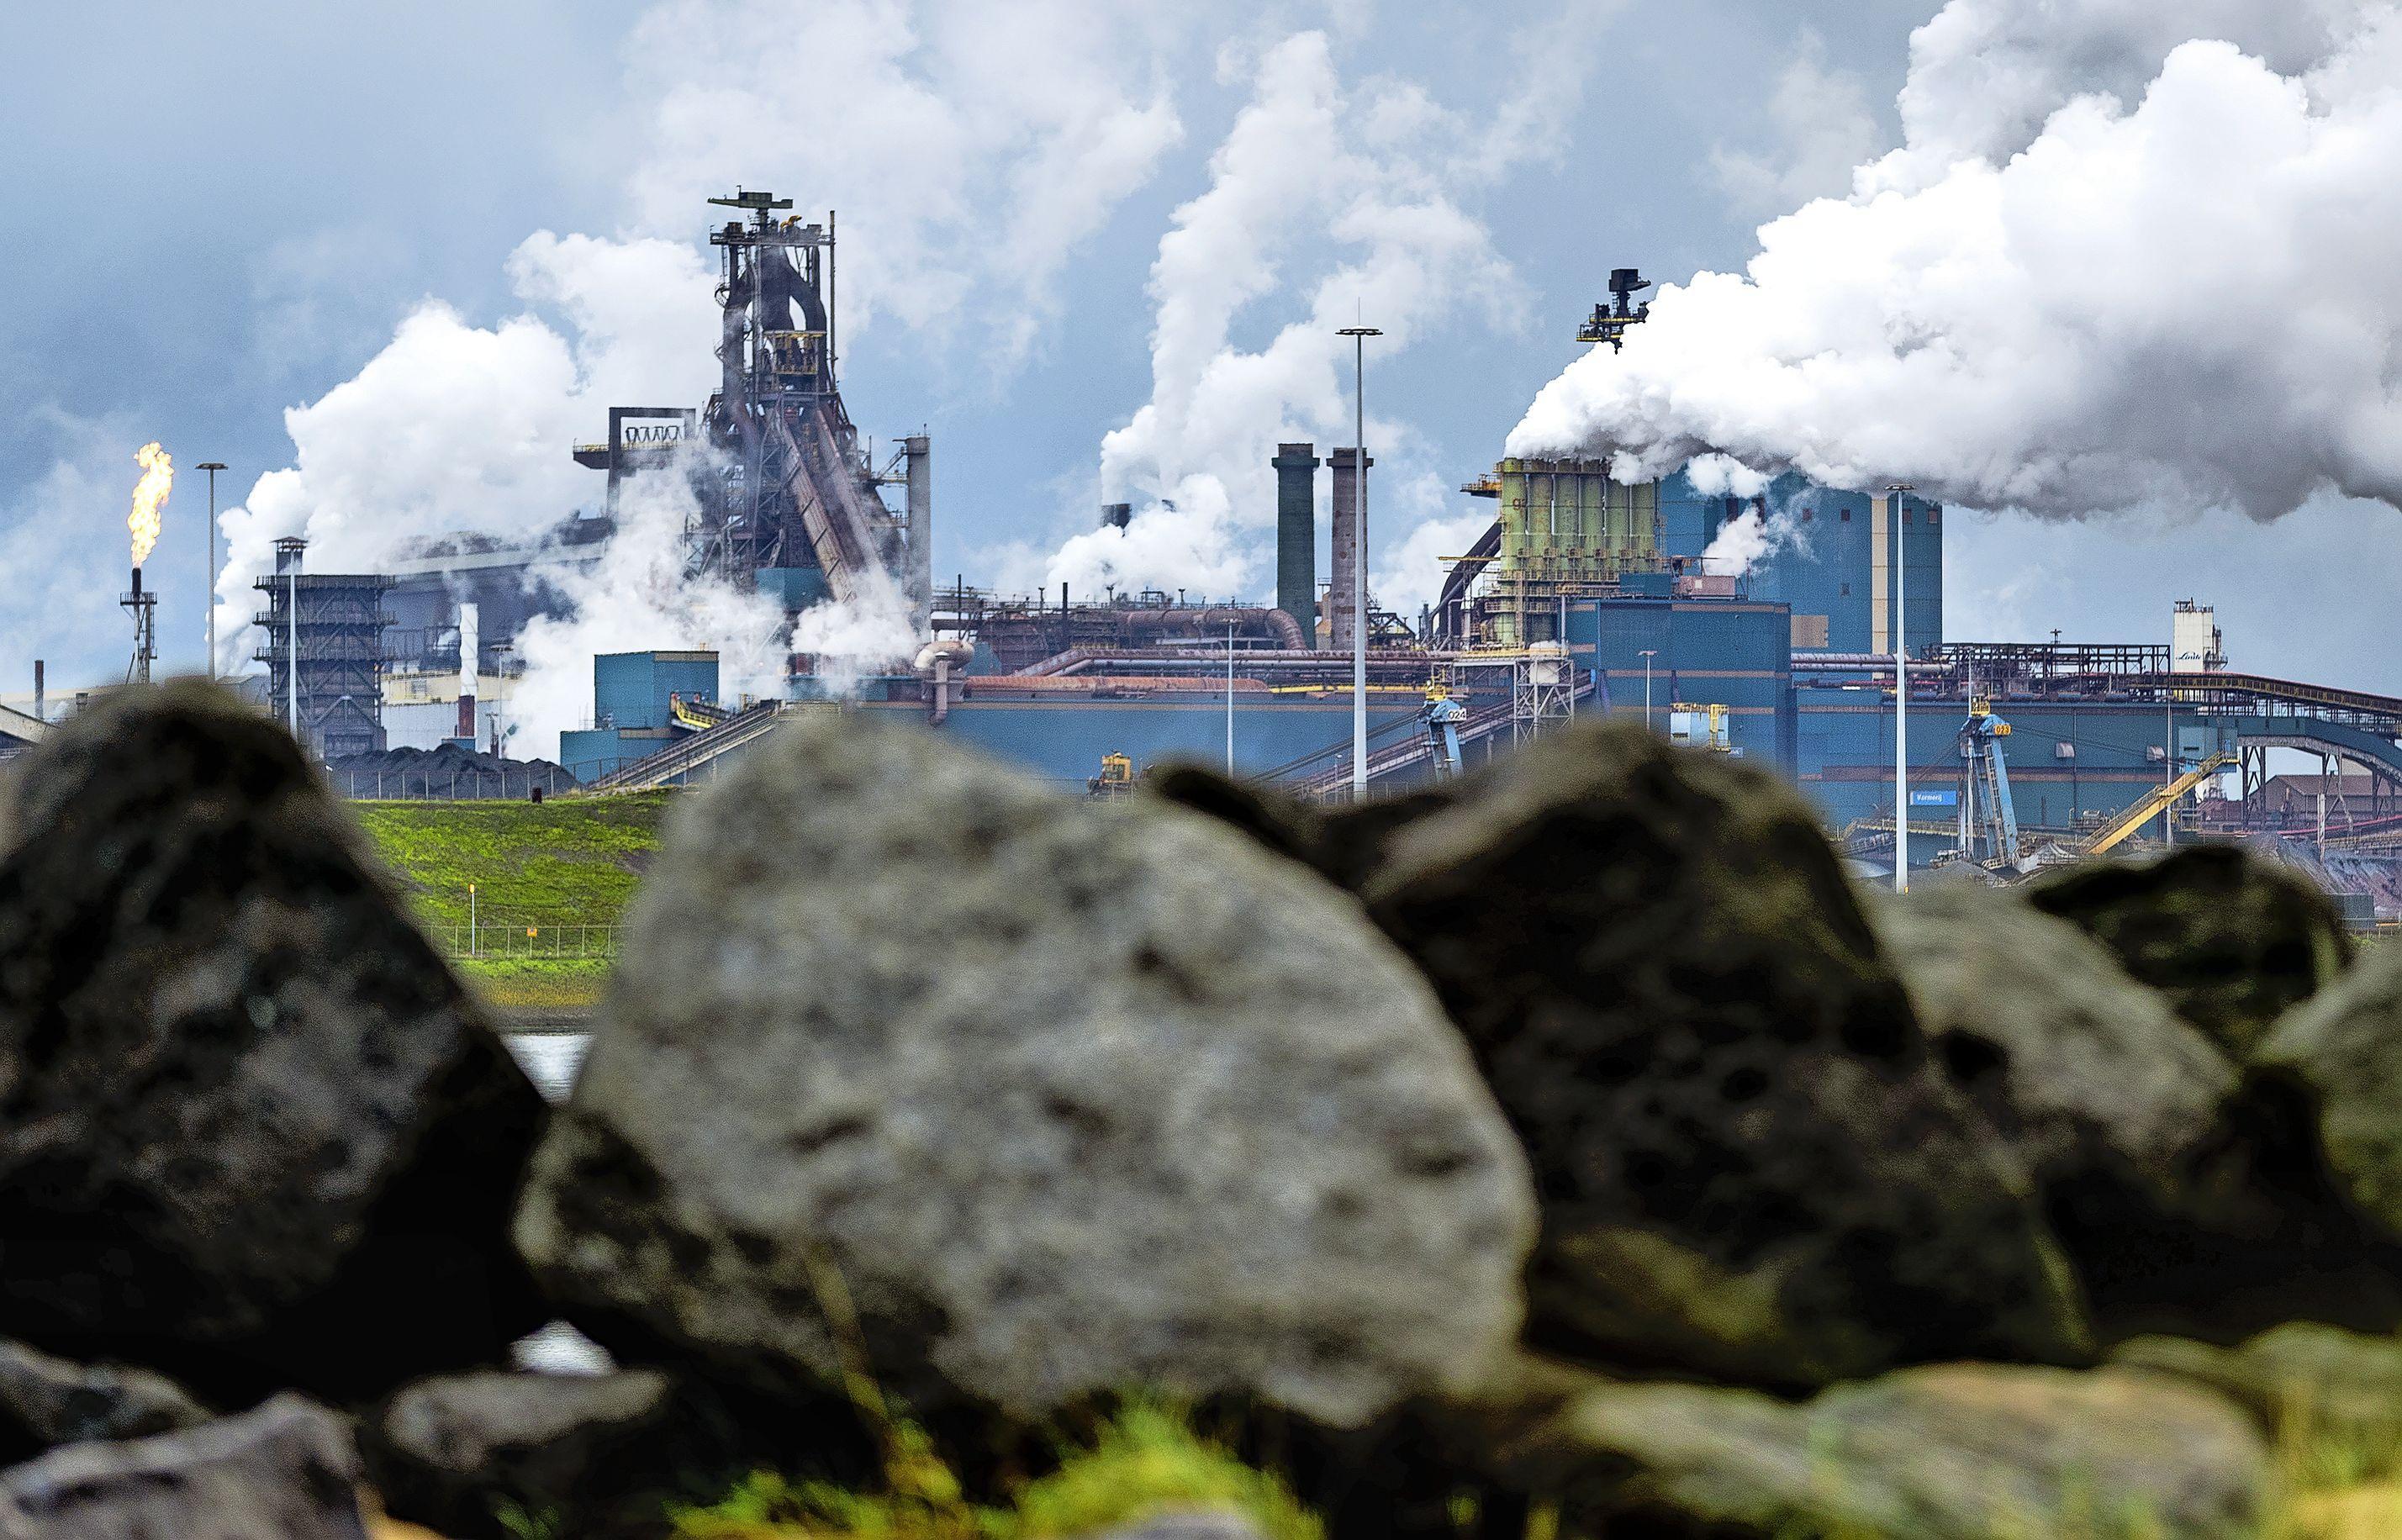 'Versnelling' milieumaatregelen Tata Steel ontmoet scepsis bij omwonenden, cijfers zijn te mooi. 85% minder stank in twee jaar: 'Daar geloof ik geen bal van'
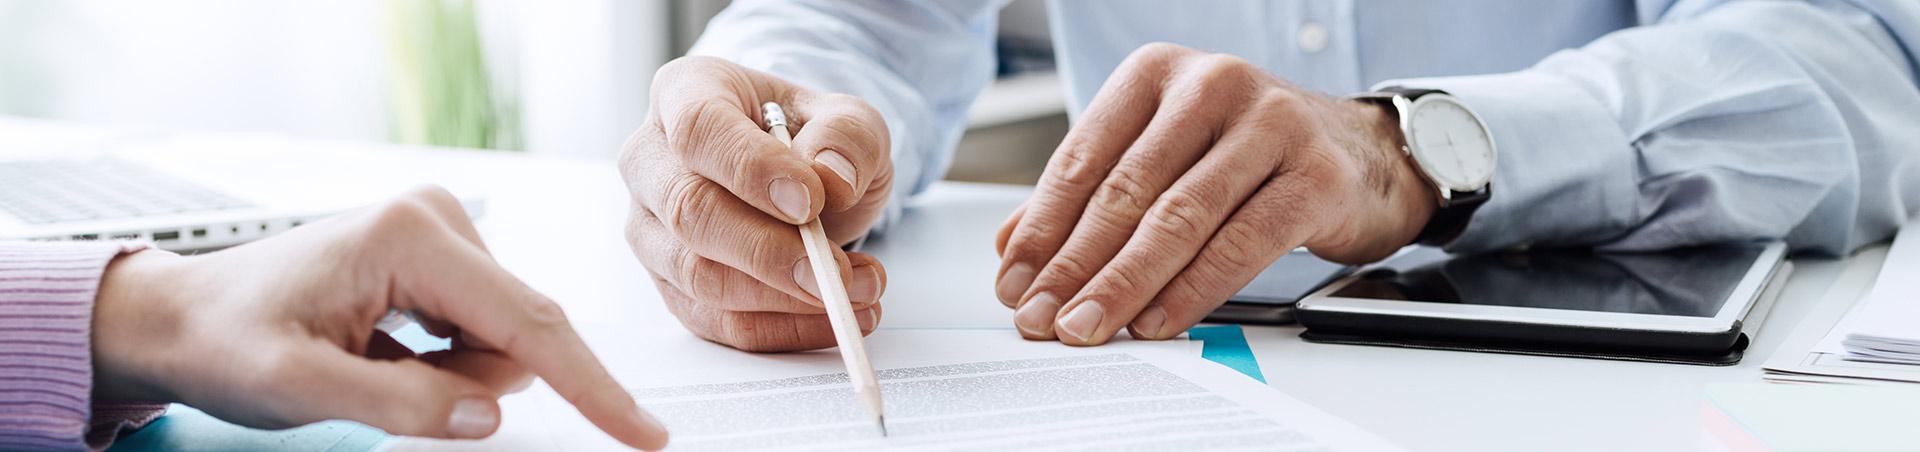 Pensioenrecht advocaat bij waardeoverdracht pensioen voor
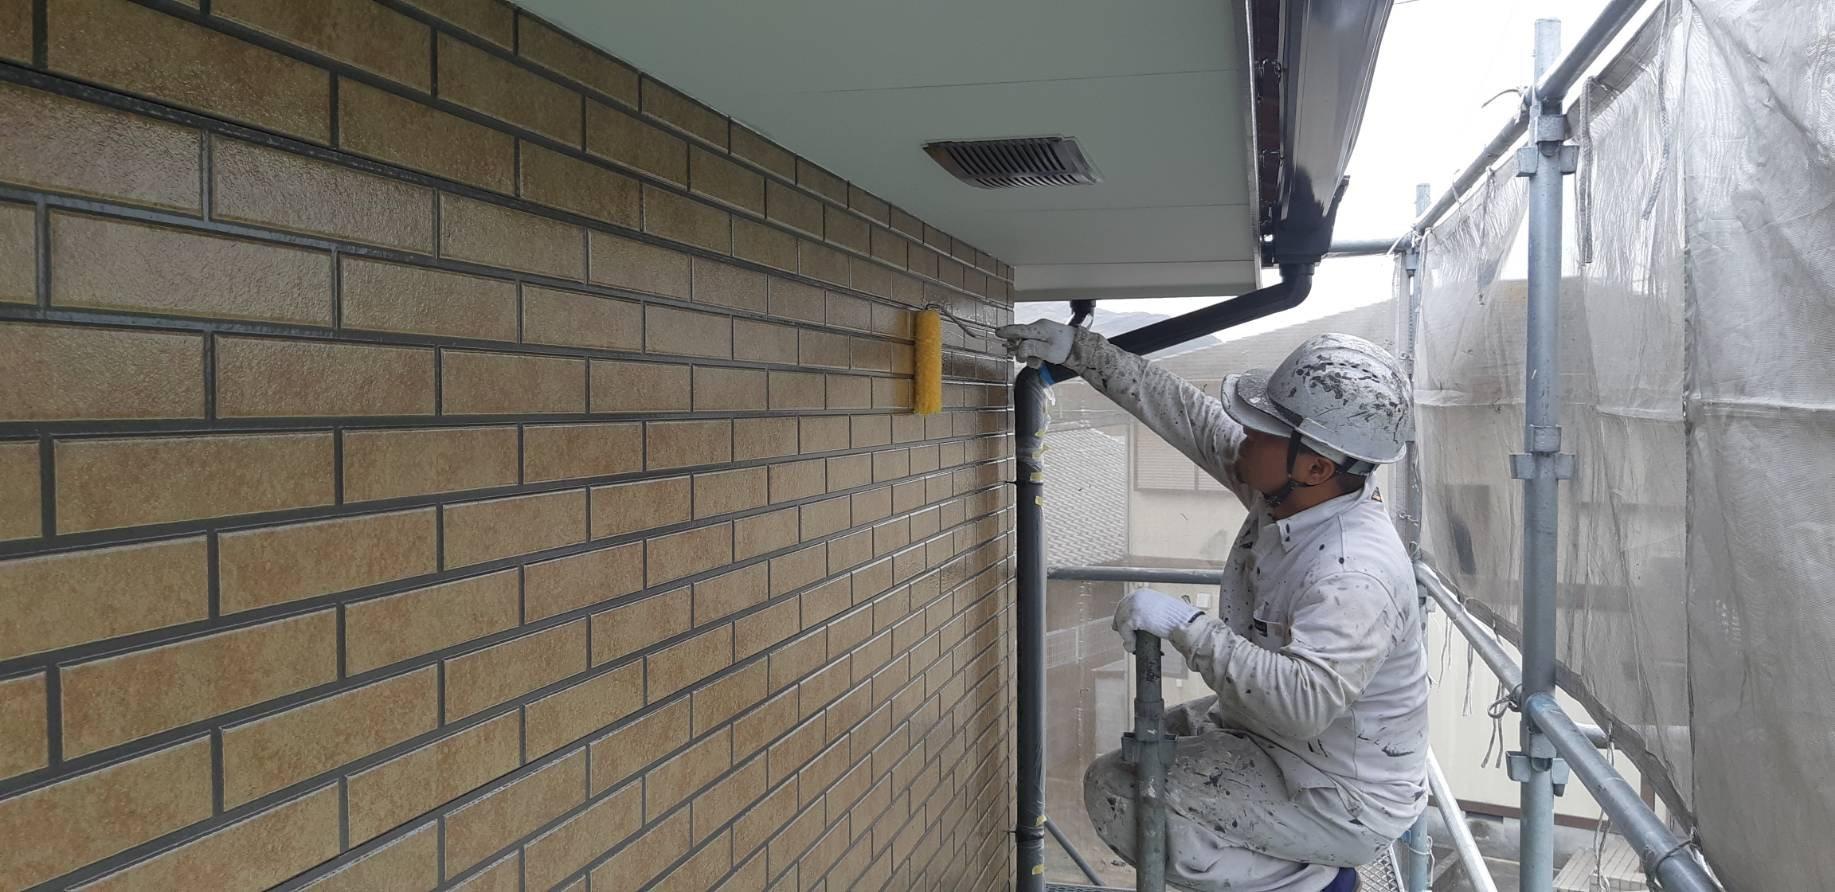 福岡県古賀市K様邸施工4日目外壁上塗り付帯塗装作業

WORK TO BE COMPLETED> Since the pictures are not wanted, transcribe only the rest of the material above, exactly as it stands.

RESULT>
 'Versnelling' milieumaatregelen Tata Steel ontmoet scepsis bij omwonenden, cijfers zijn te mooi. 85% minder stank in twee jaar: 'Daar geloof ik geen bal van'
 Pensioenrecht advocaat bij waardeoverdracht pensioen voor
 福岡県古賀市K様邸施工4日目外壁上塗り付帯塗装作業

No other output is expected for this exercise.